What this task involves: Copy the listing below exactly. Pictures stay out of it.
╭─ Collected material
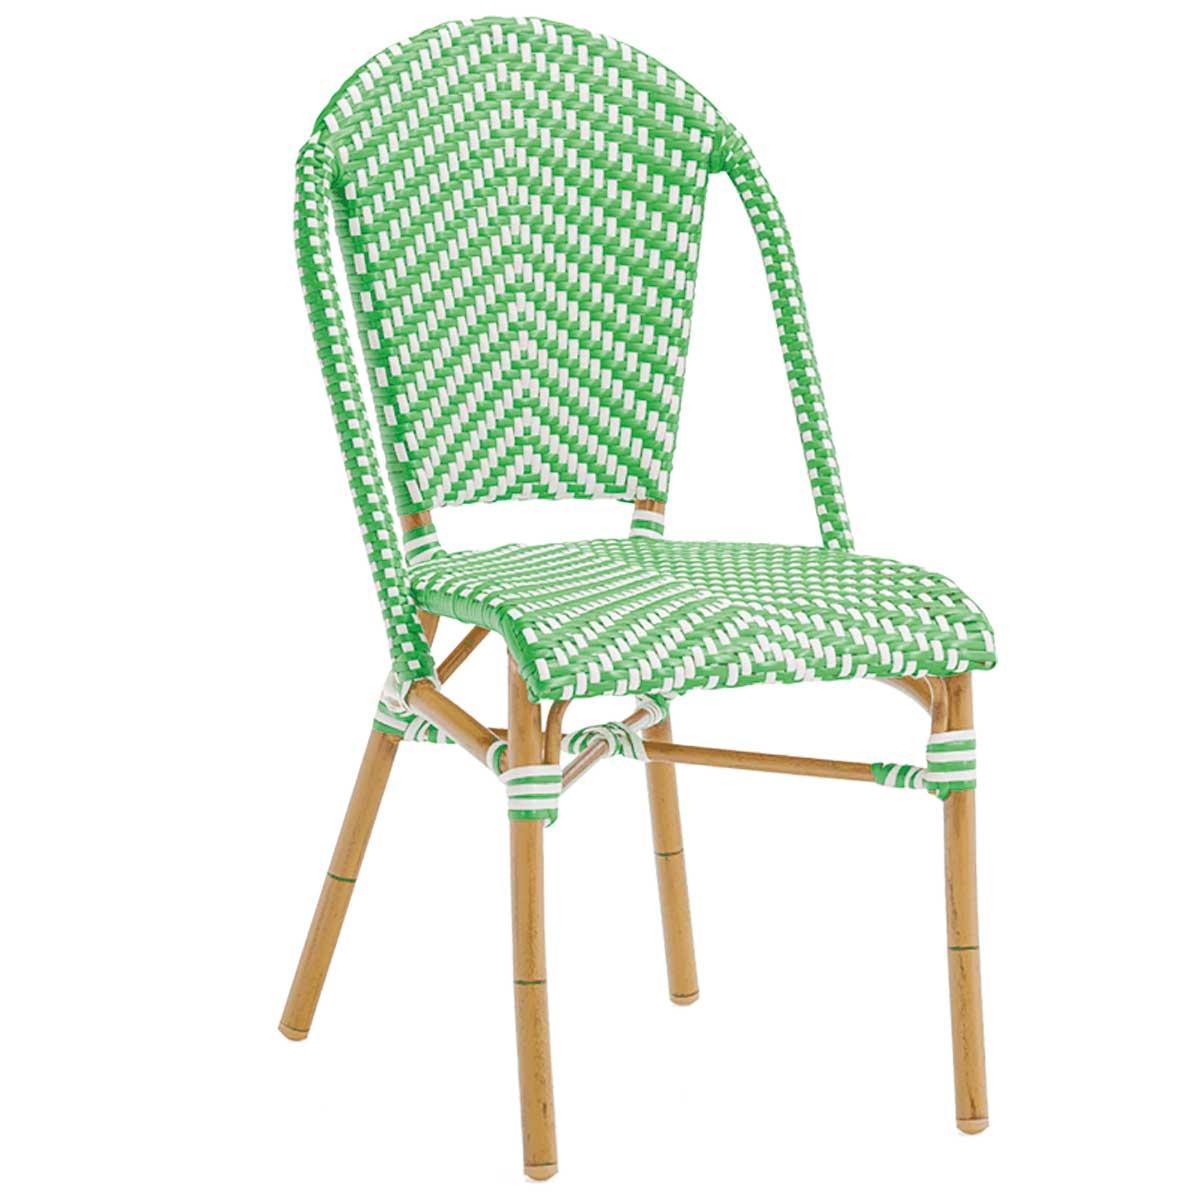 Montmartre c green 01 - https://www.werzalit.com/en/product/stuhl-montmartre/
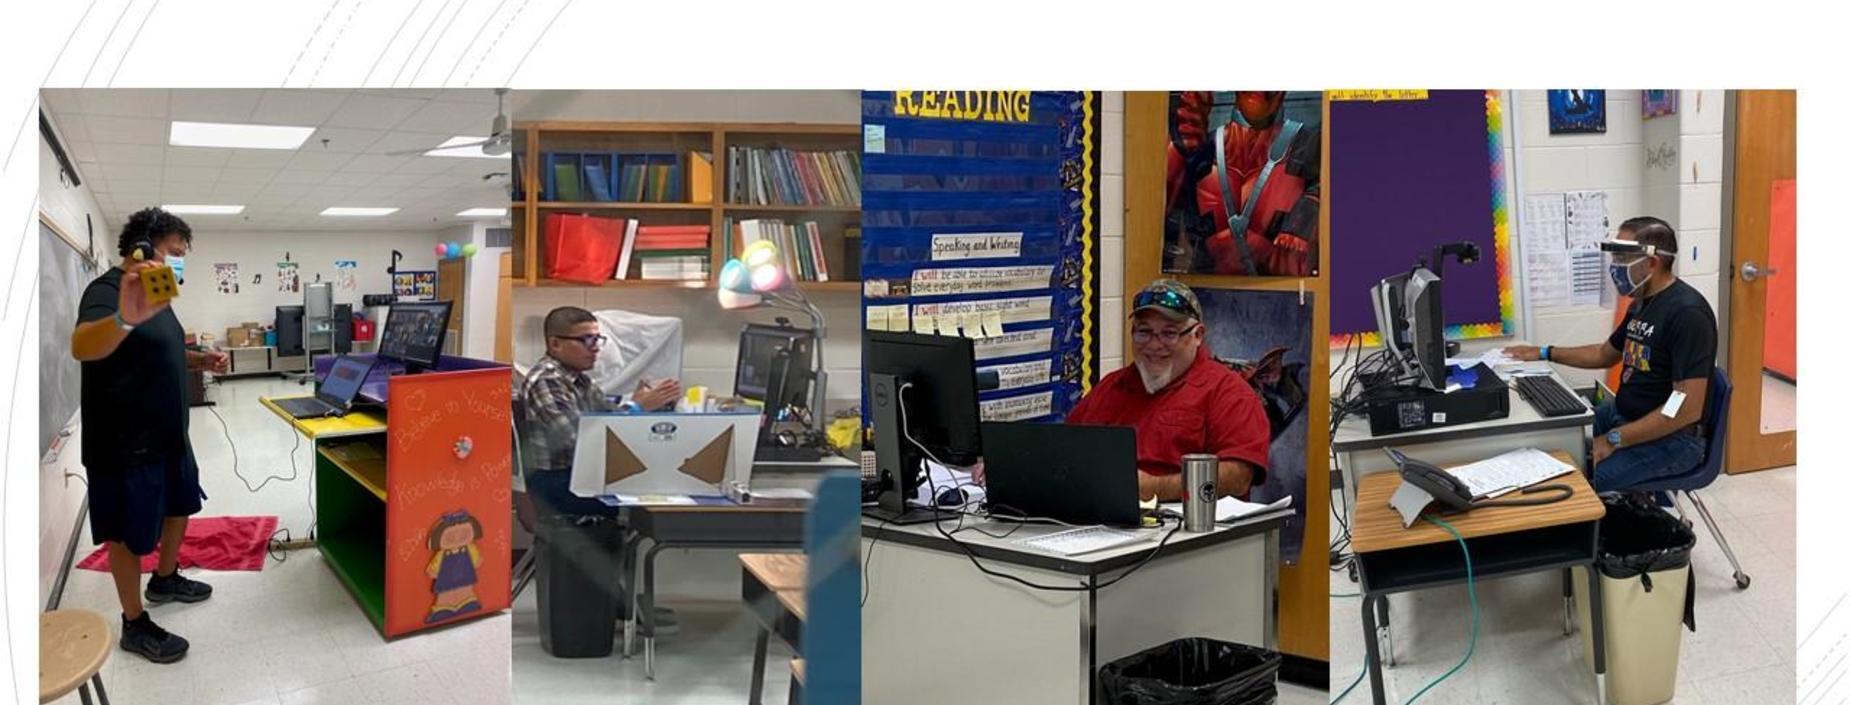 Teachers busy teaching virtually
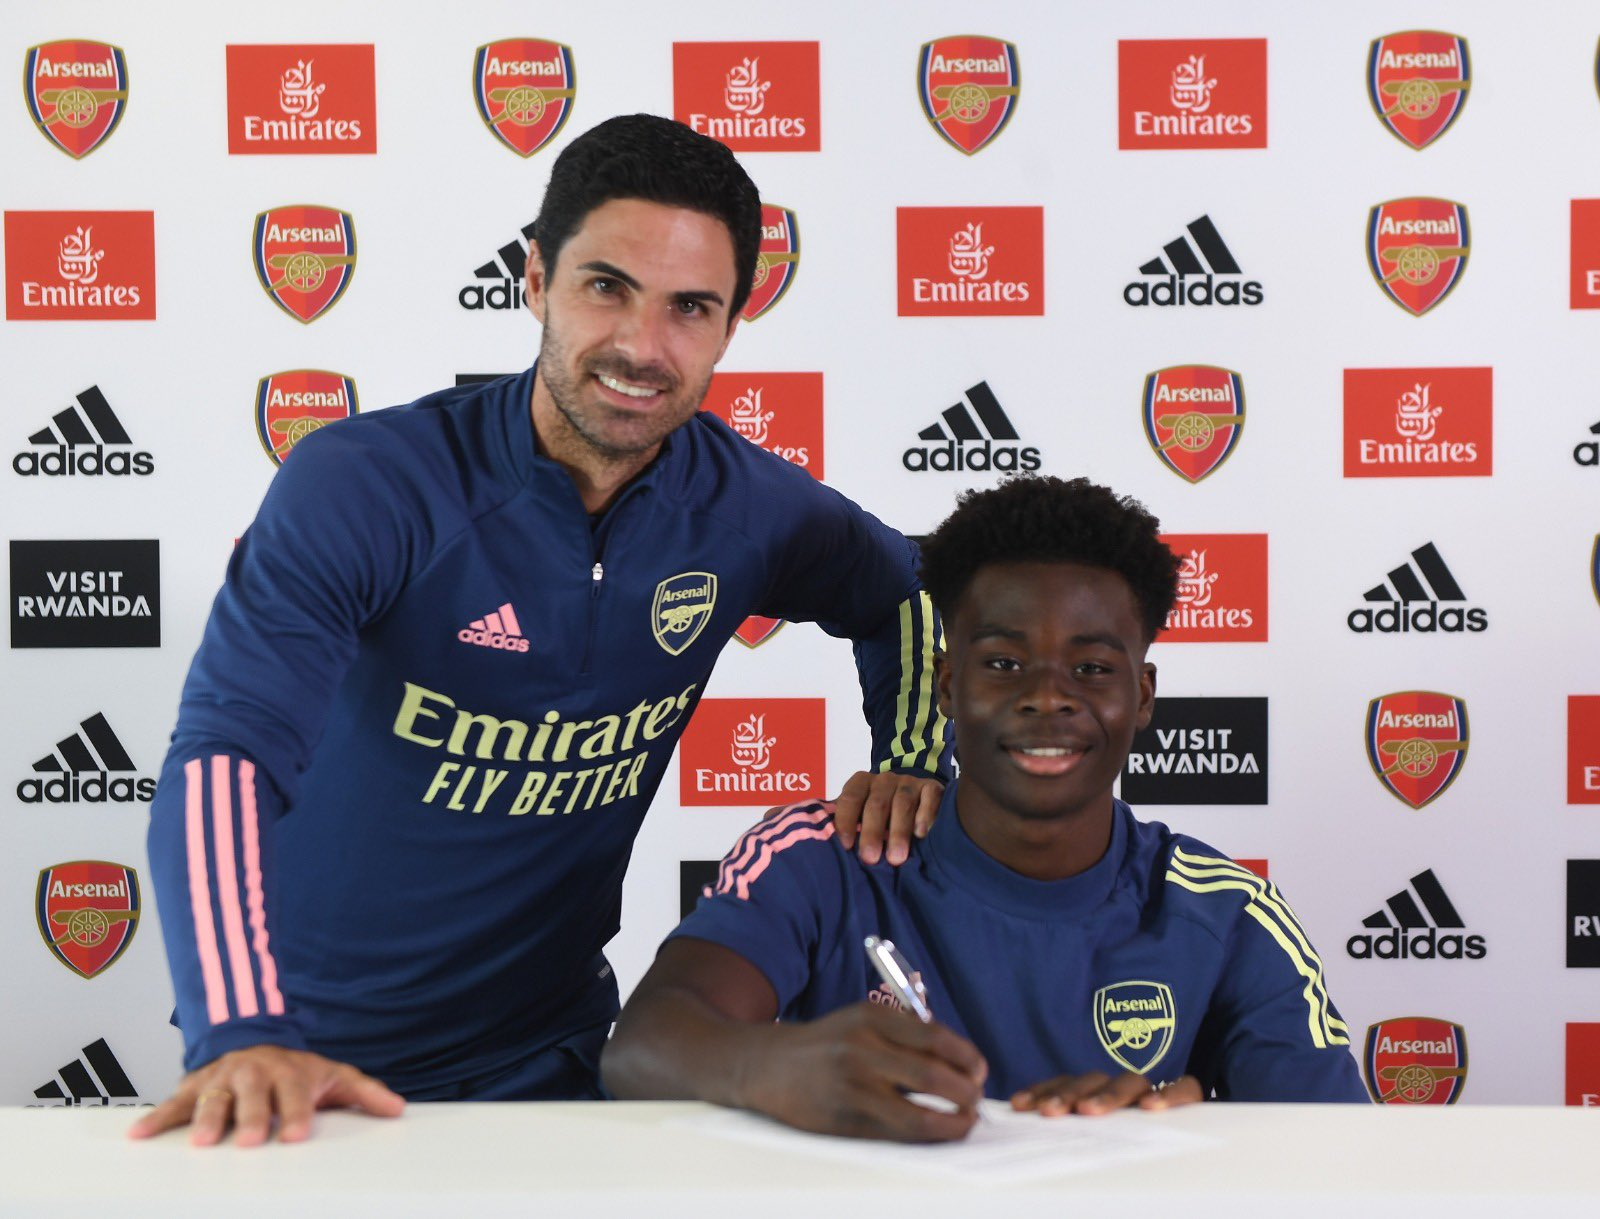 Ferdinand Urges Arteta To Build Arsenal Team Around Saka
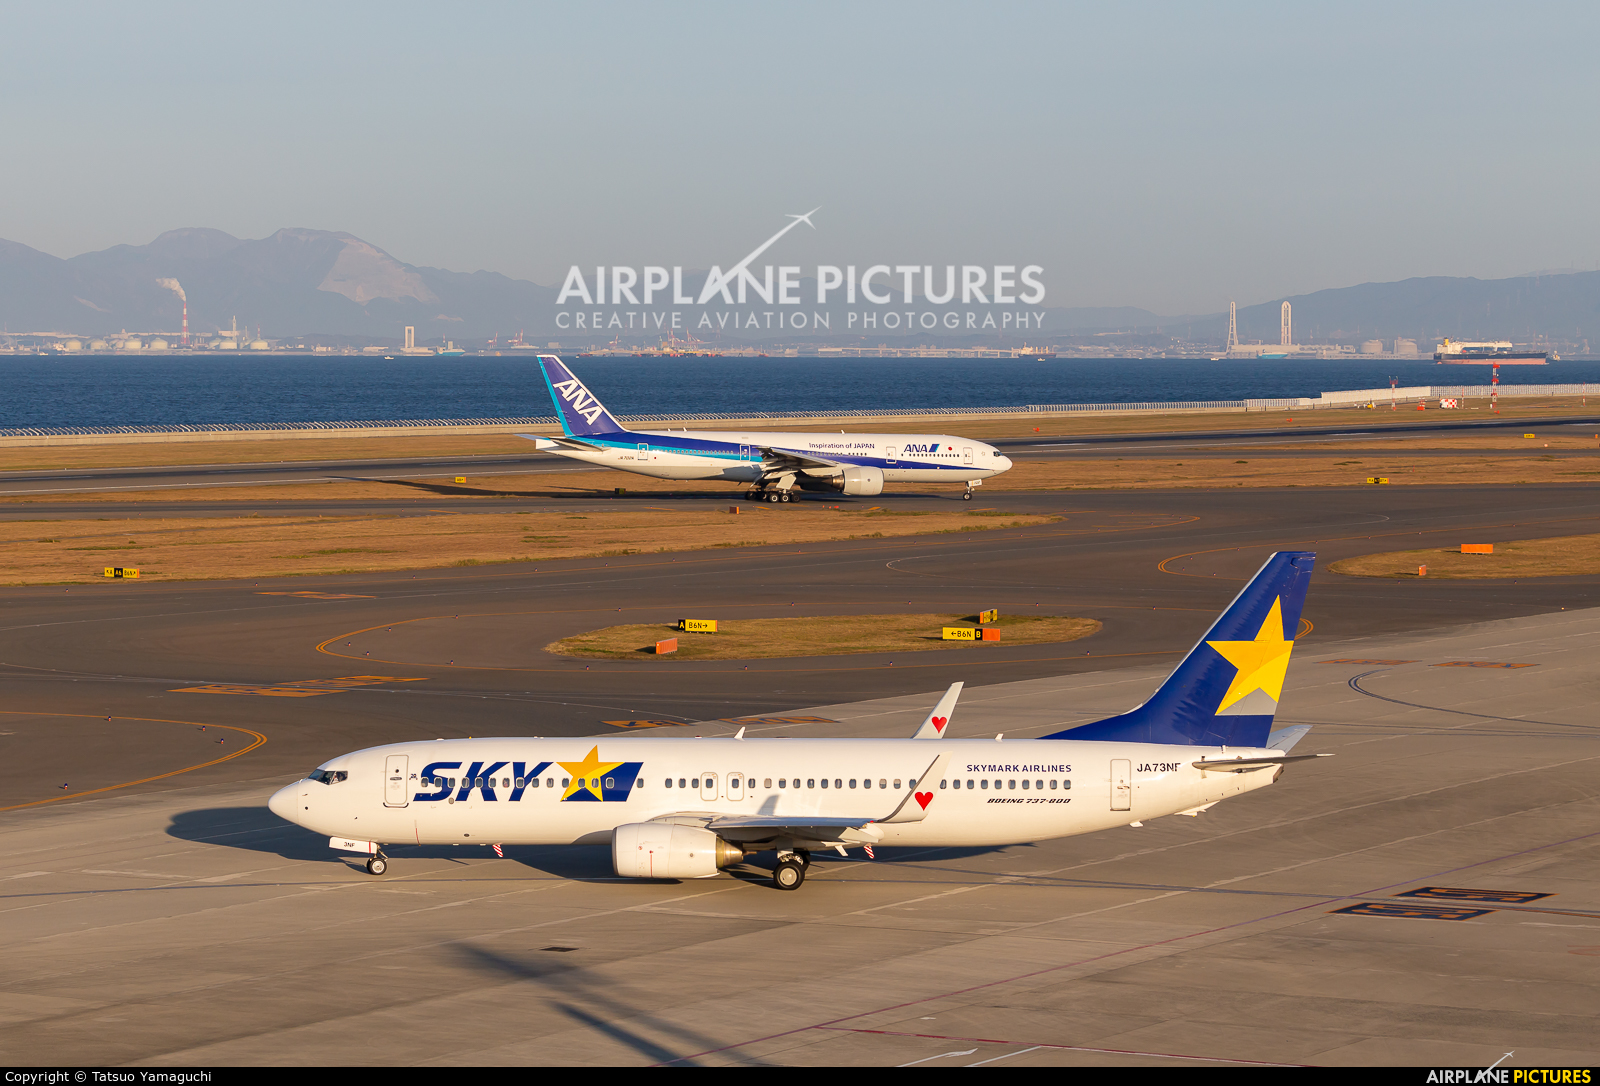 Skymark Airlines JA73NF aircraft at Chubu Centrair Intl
╰─
Finished task:
 Montmartre c green 01 - https://www.werzalit.com/en/product/stuhl-montmartre/
 Teachers busy teaching virtually
 Ferdinand Urges Arteta To Build Arsenal Team Around Saka
 Skymark Airlines JA73NF aircraft at Chubu Centrair Intl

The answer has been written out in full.